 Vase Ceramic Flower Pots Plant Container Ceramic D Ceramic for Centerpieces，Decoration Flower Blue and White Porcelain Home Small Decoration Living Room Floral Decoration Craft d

______________________________

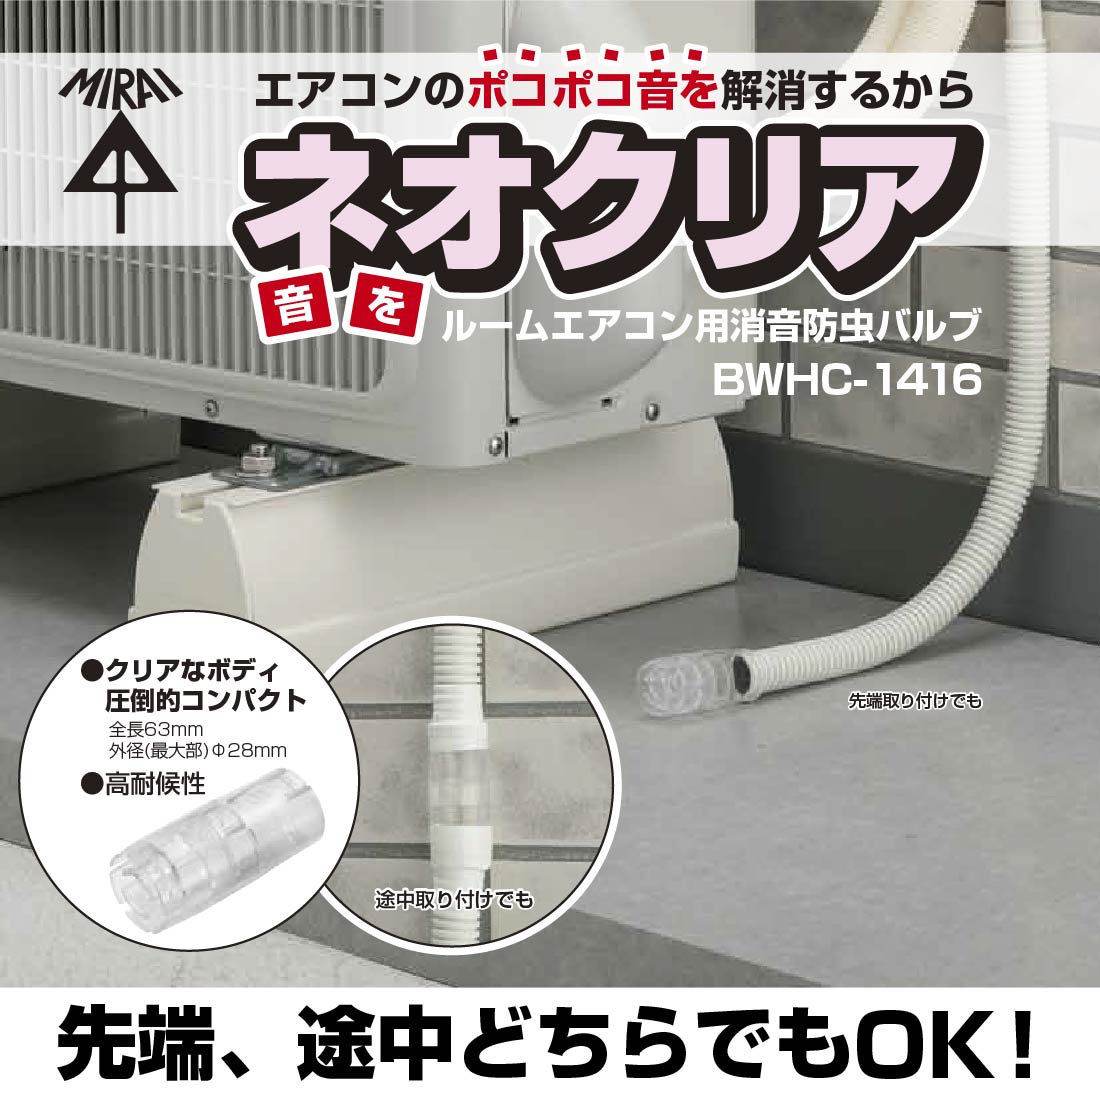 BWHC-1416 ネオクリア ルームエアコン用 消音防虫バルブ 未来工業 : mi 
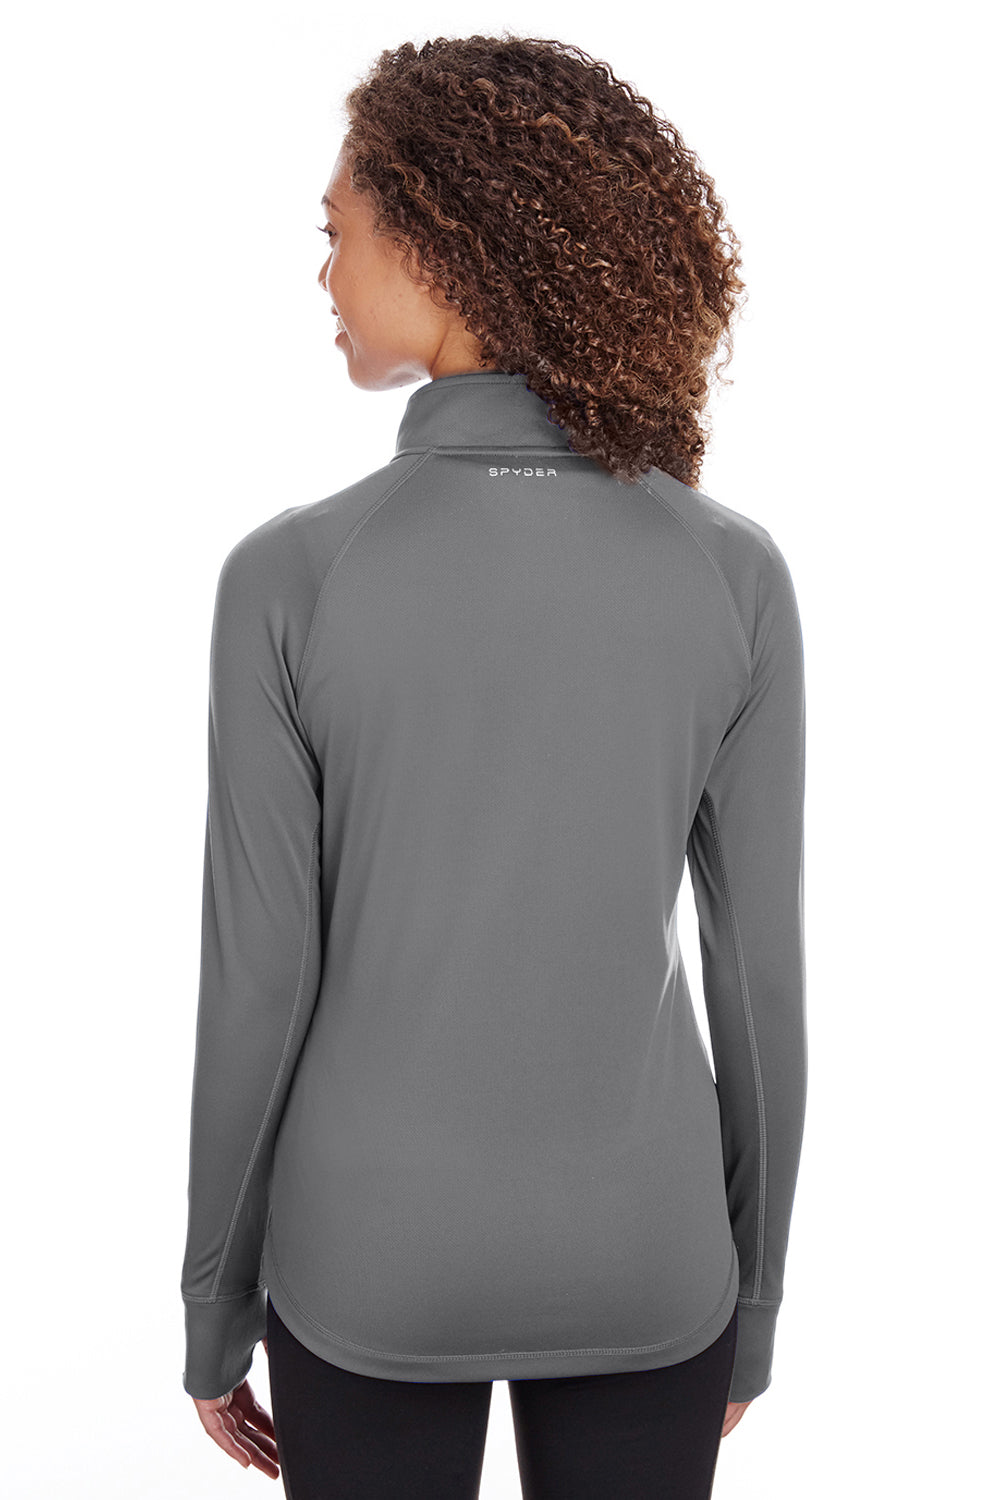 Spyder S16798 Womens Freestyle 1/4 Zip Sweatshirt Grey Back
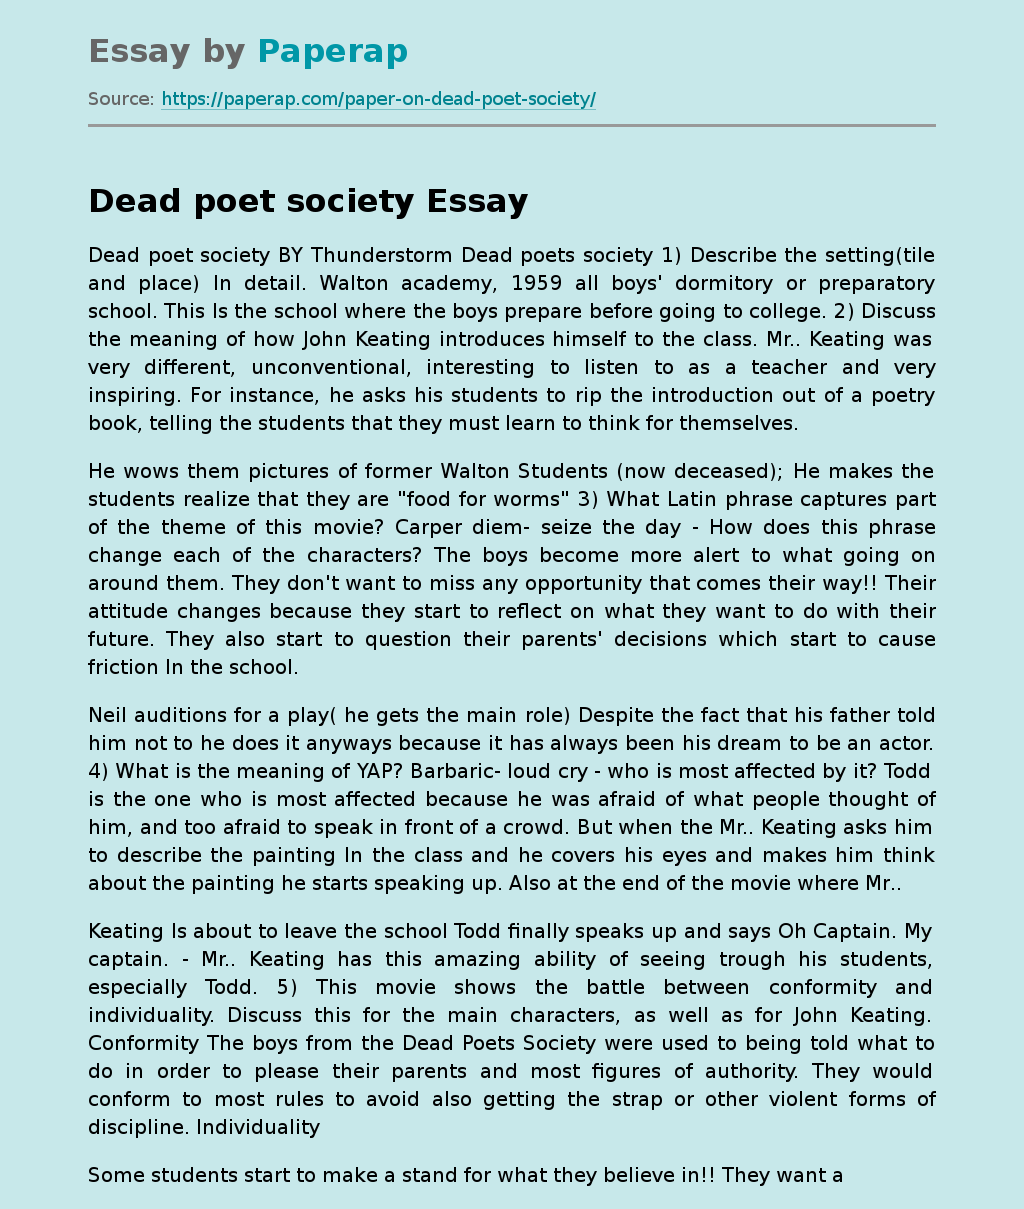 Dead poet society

______________________________

• [Aim of the task]: Reproduce the entries exactly, from the line with "Spyder S16798 Womens" to the line with "Dead poet society", both lines included, keeping no pictures.

• [Answer area]:
 Spyder S16798 Womens Freestyle 1/4 Zip Sweatshirt Grey Back
 Dead poet society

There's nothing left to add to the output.